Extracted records
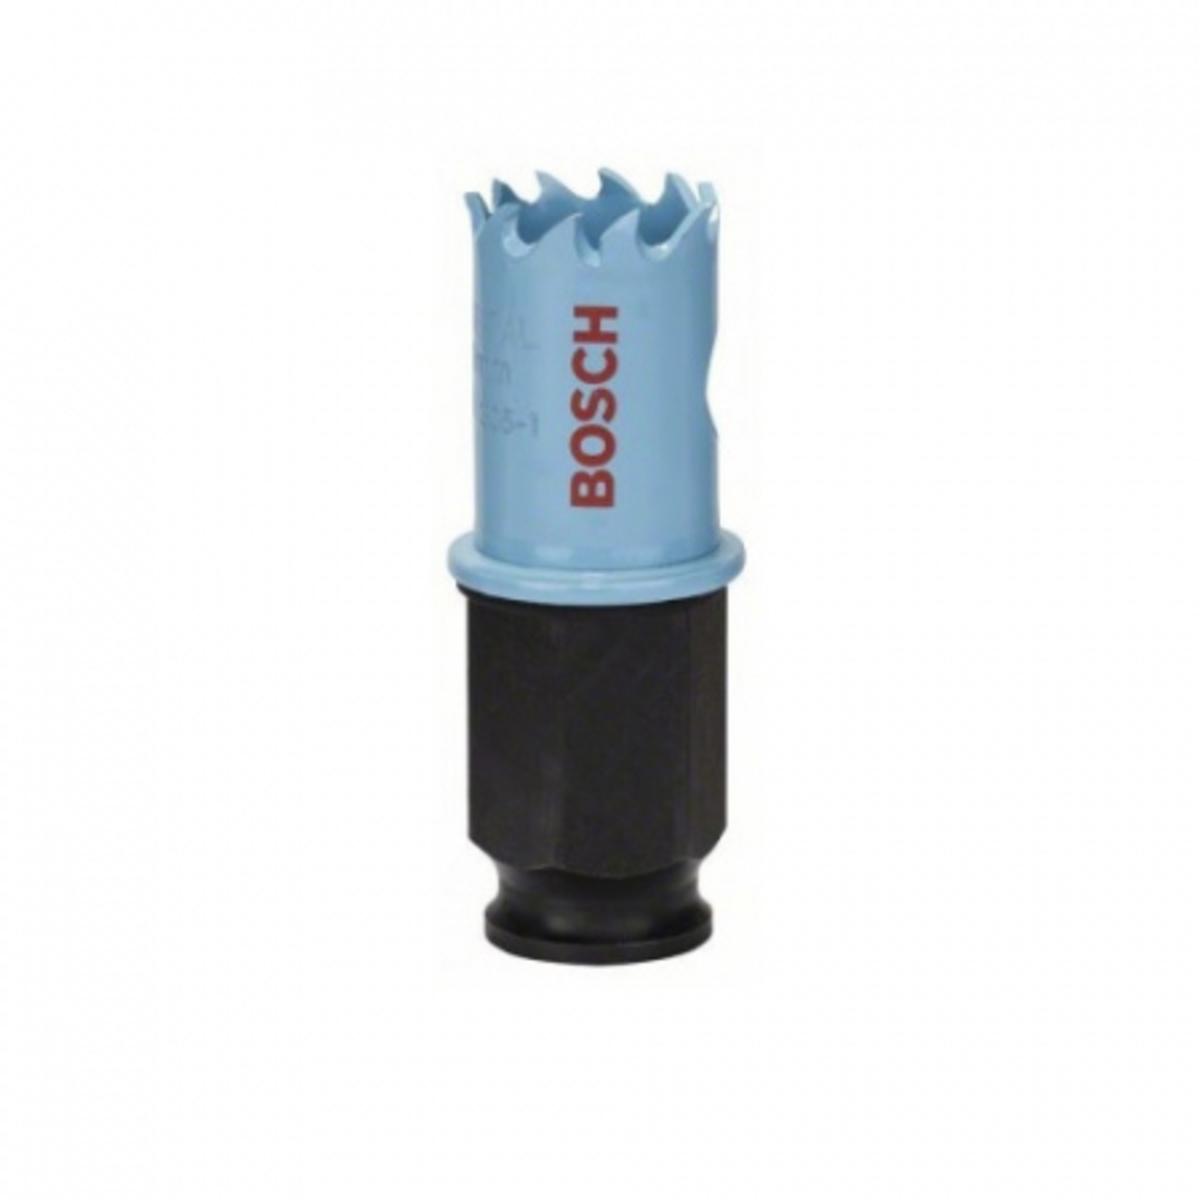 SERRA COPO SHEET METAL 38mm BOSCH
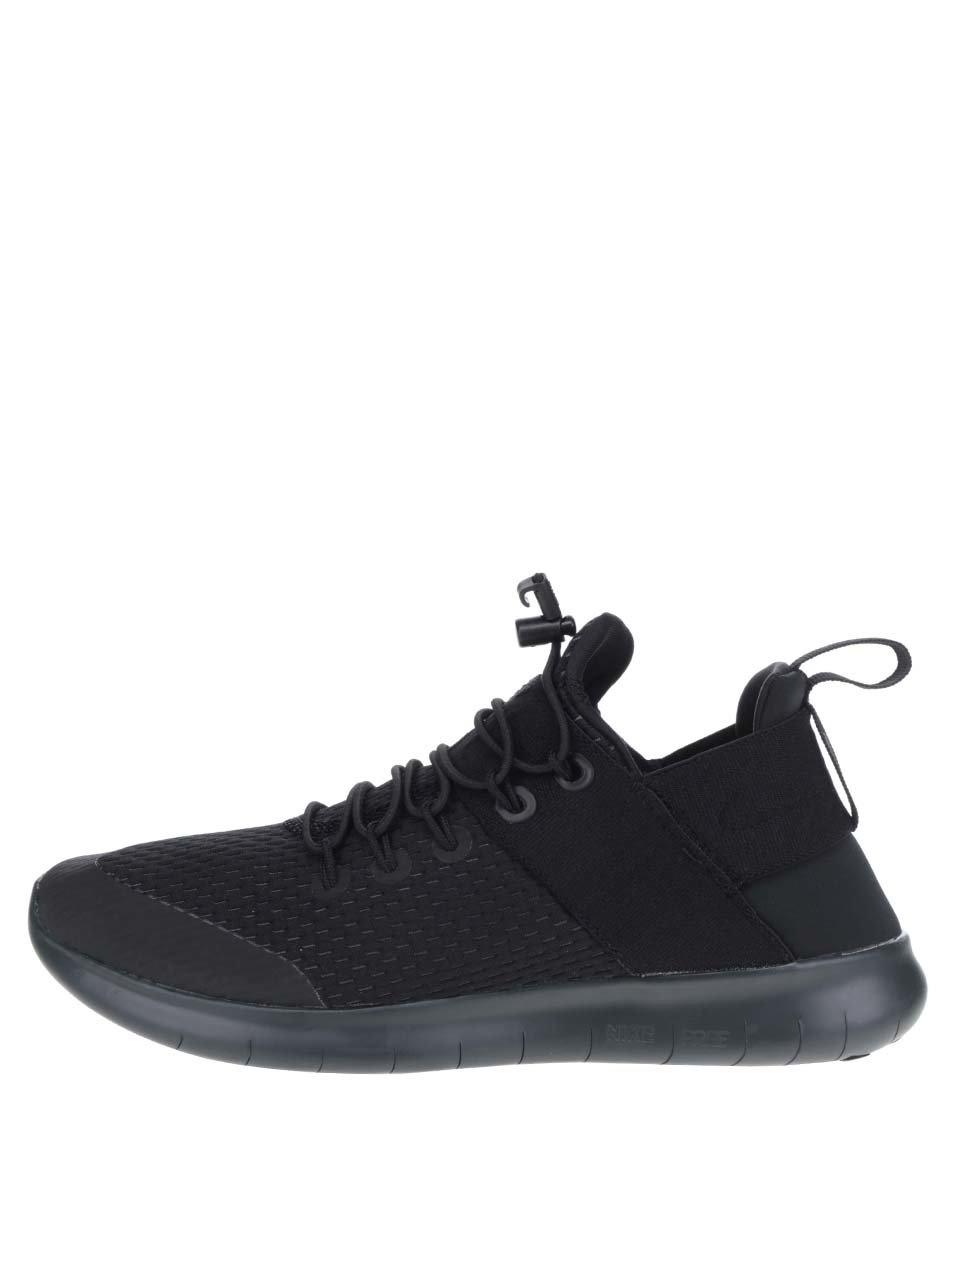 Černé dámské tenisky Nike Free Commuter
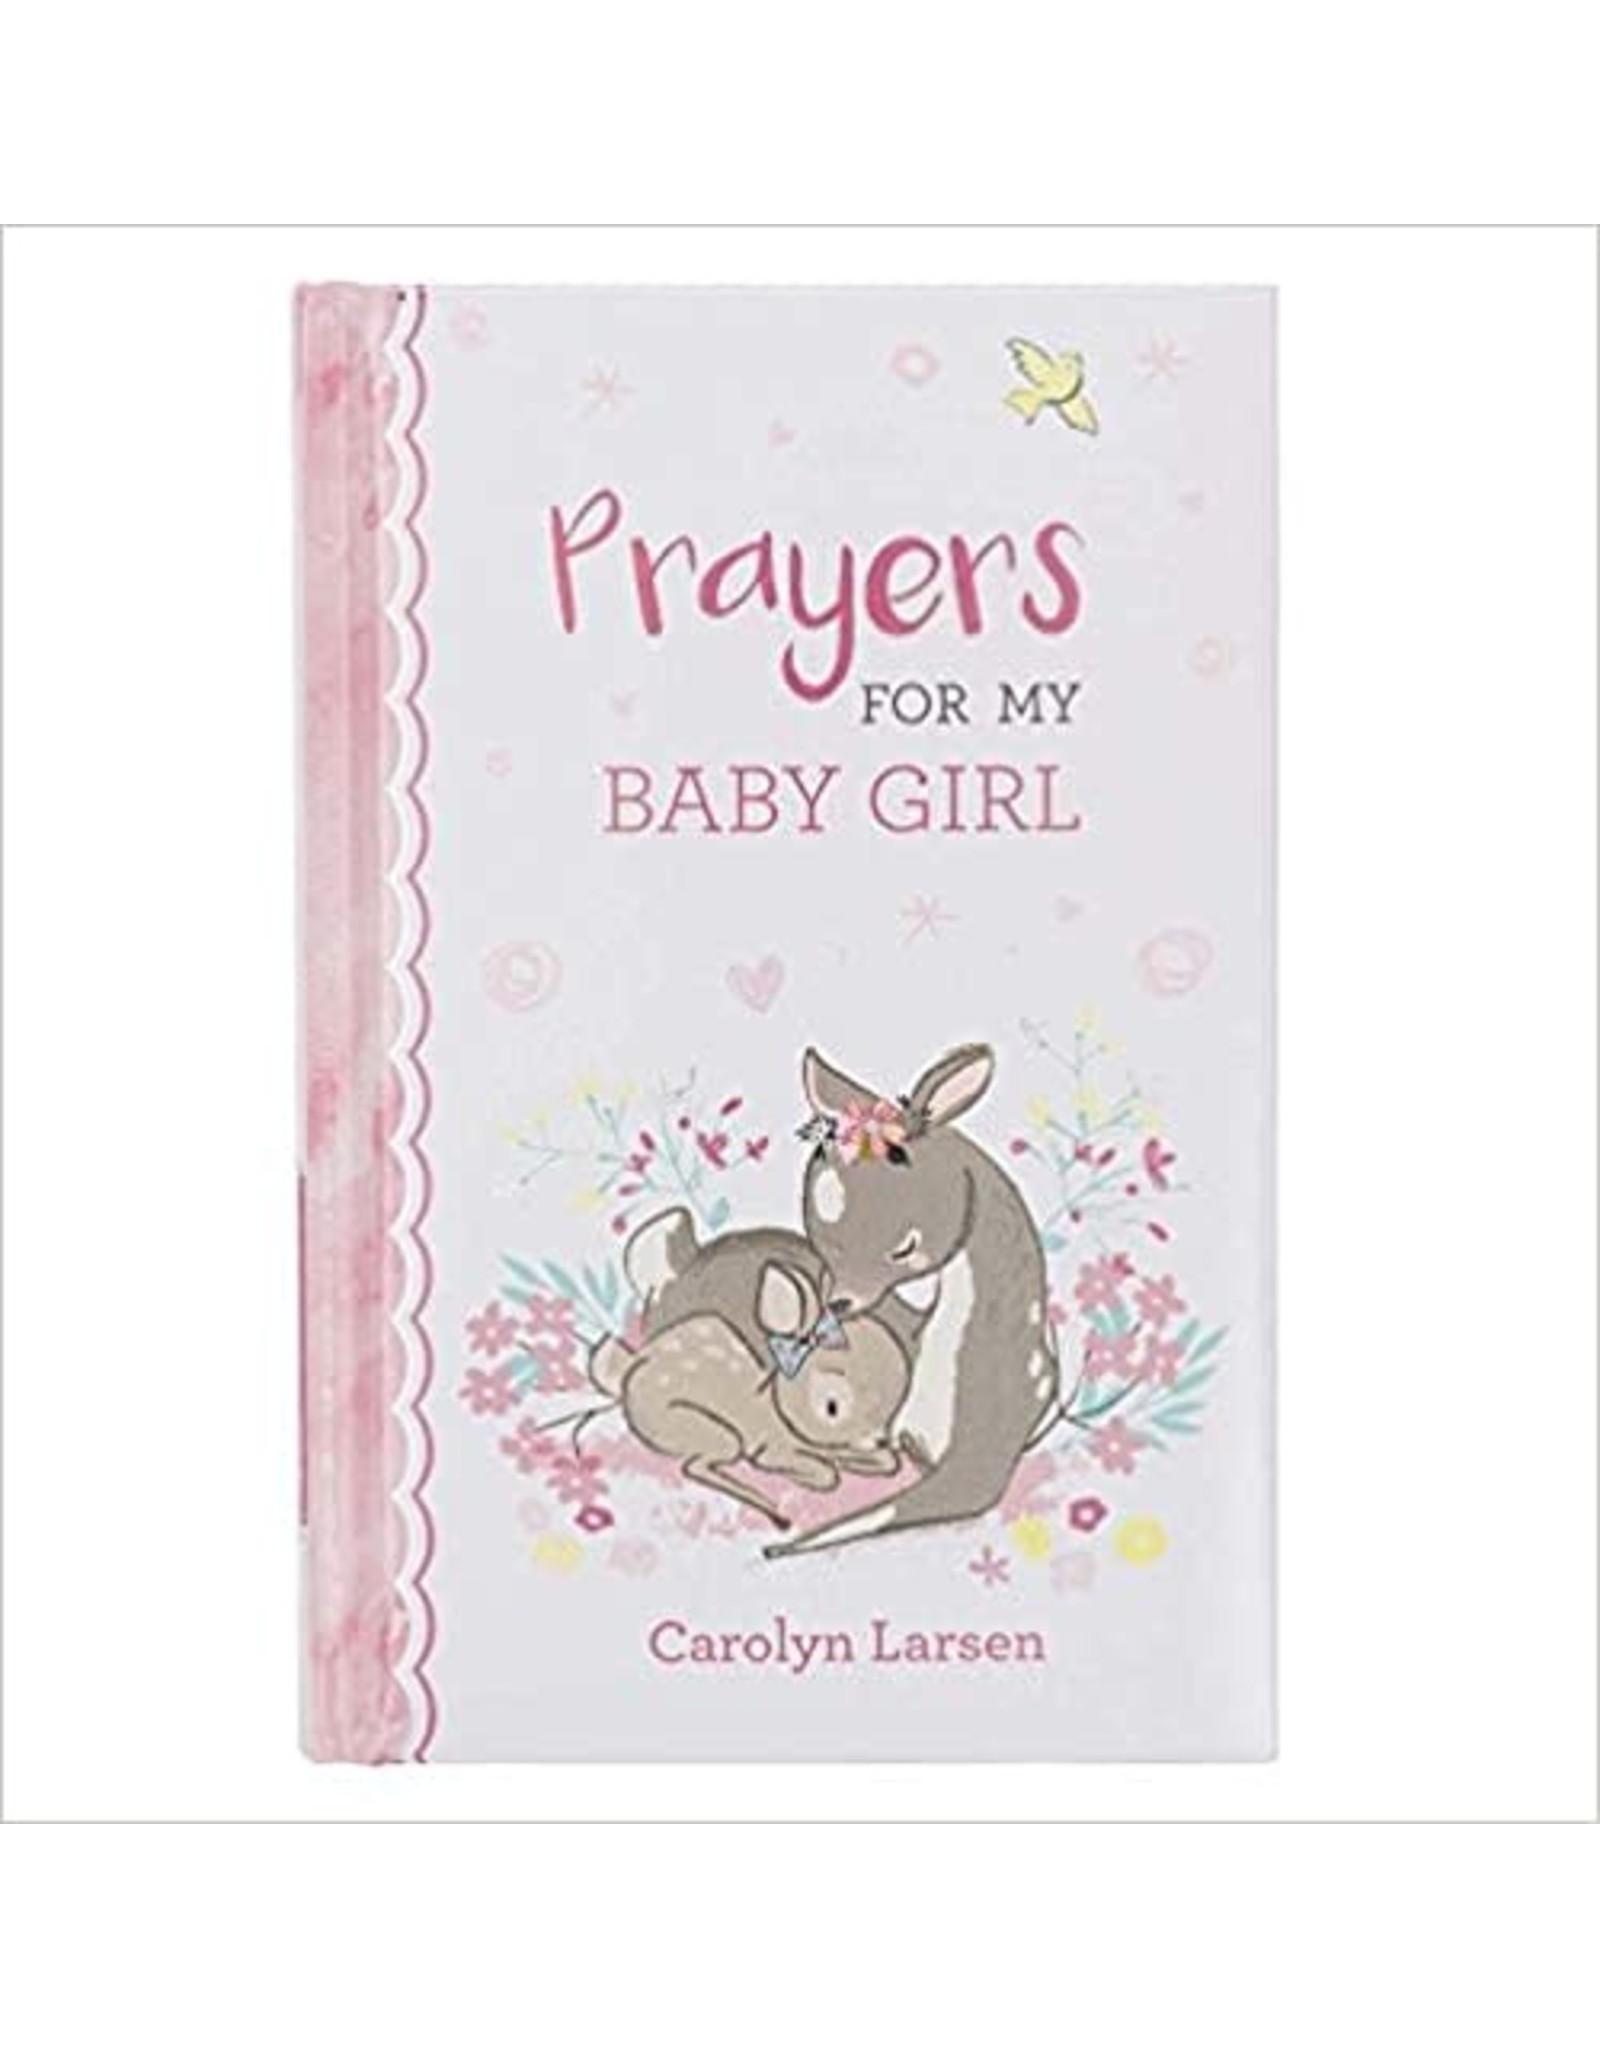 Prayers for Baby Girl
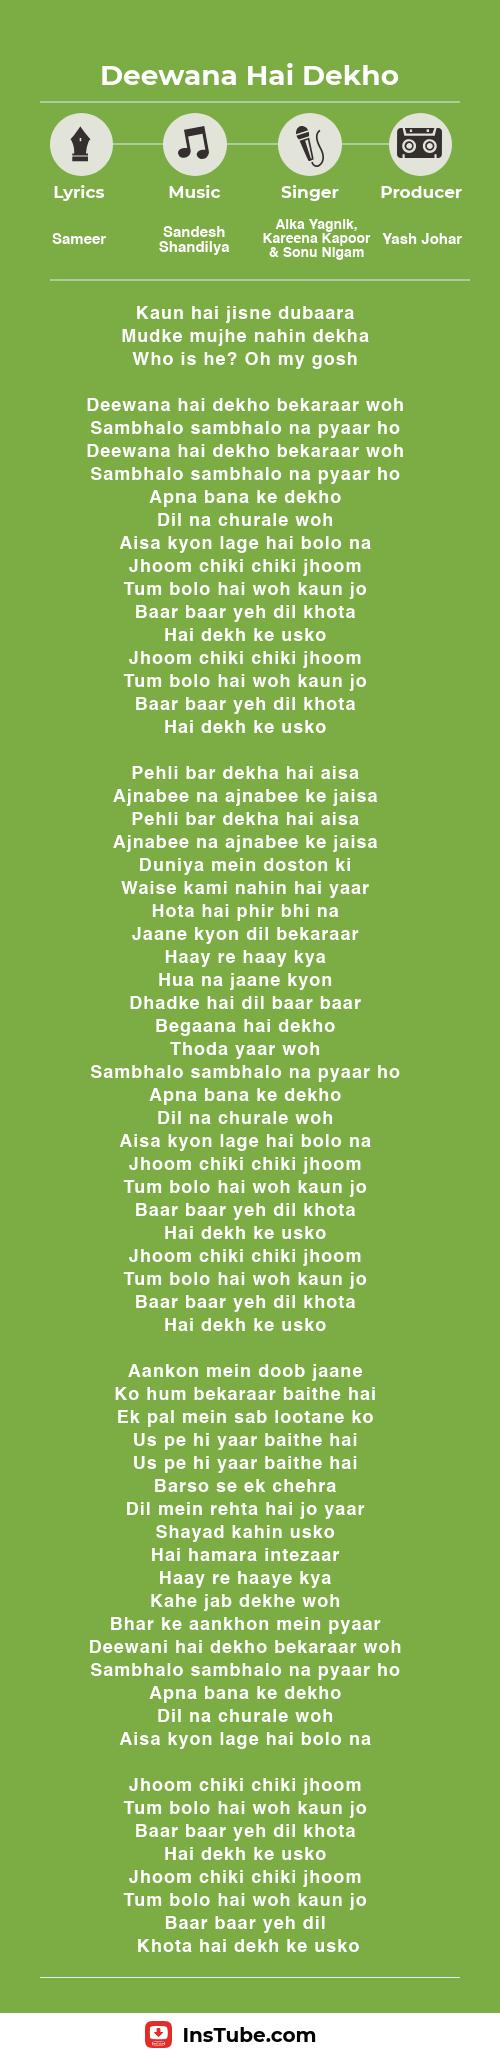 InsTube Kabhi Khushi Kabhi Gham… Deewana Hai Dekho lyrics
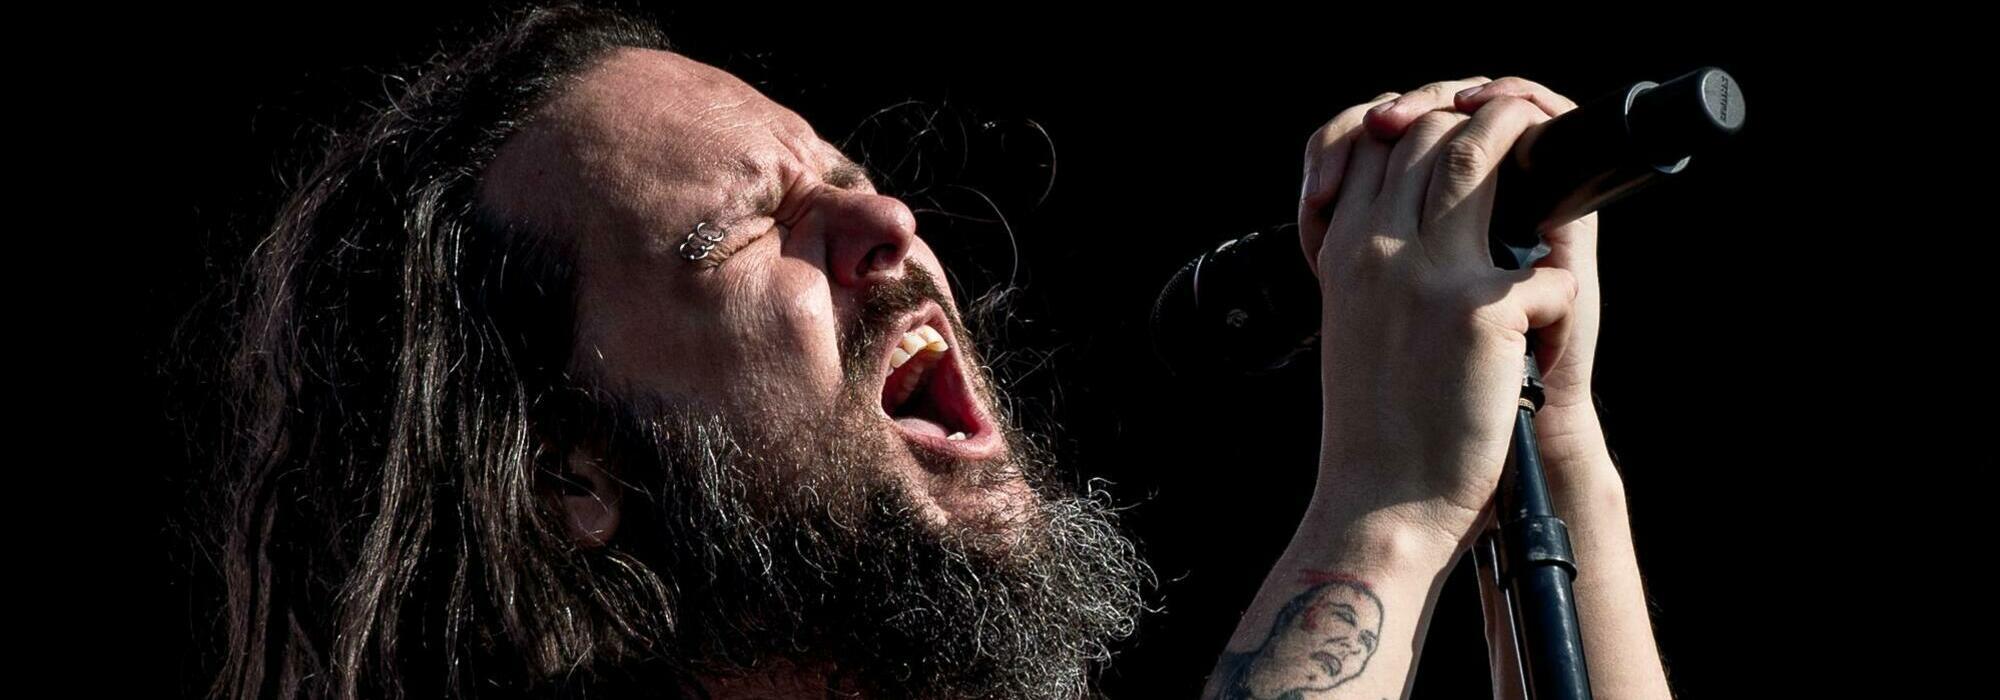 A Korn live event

→ **PROBLEM DESCRIPTION**:
Please retype every record shown above, exactly as written, but without pictures.

→ **OUTPUT OF THE TASK**:
 SERRA COPO SHEET METAL 38mm BOSCH
 Černé dámské tenisky Nike Free Commuter
 Prayers for Baby Girl
 InsTube Kabhi Khushi Kabhi Gham… Deewana Hai Dekho lyrics
 A Korn live event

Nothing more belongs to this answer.